What is your maxOutputTokens set too?

For testing purposes, to trigger it, I set it to 15. You can see it in the usageMetadata field.

Try setting it higher and see if you get a response.

I did. You don’t get a few dozen lines of content AND finishReason is MAX_TOKENS ever. It is an exclusive or relationship: either you get content, or you get MAX_TOKENS and no content.

The proposed change is to supply the content generated so far, stop the generation, and of course inform the user that the content was truncated by adding the MAX_TOKENS indicator in finishReason.

Thank you for helping me explain the proposed change in a more accurate and hopefully understandable way.

I keep feeling like there is a bug in the API gateway that is handling the response. So that it is checking the finish reason (or equivalent) and if it isn’t STOP then it blocks whatever the text would be.

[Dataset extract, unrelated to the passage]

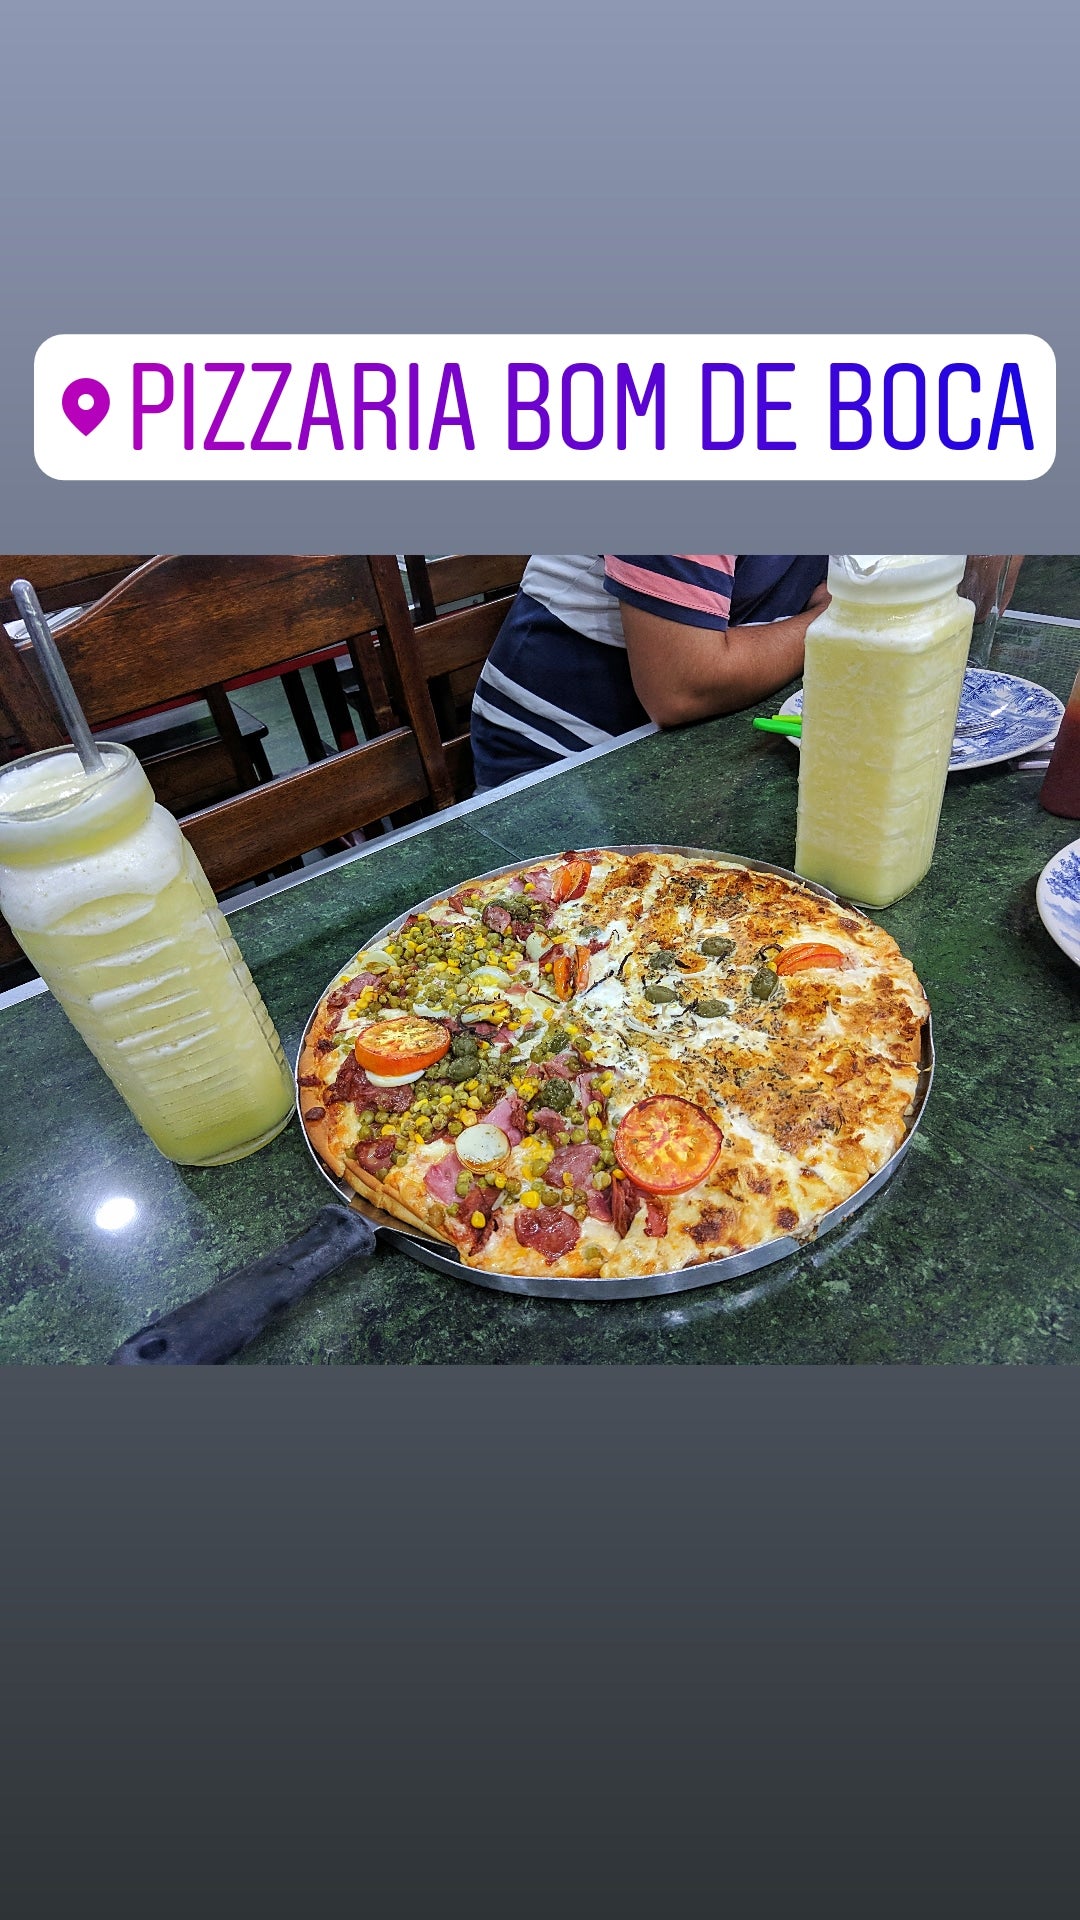 Pizzaria Bom de Boca

Some evidence for this is that if you’re streaming, you’ll get the partial response ok, except for the last streamed chunk.

1 Like

You are right. I edited the title to better reflect where the problem is, my old title was complaining about max output tokens, which isn’t the issue.

It wouldn’t surprise me if the gateway isn’t even software, it probably is a network appliance that massages the messages. Which probably makes it easy to make a fix while simultaneously making it hard to find the right operations contact to effect it.

1 Like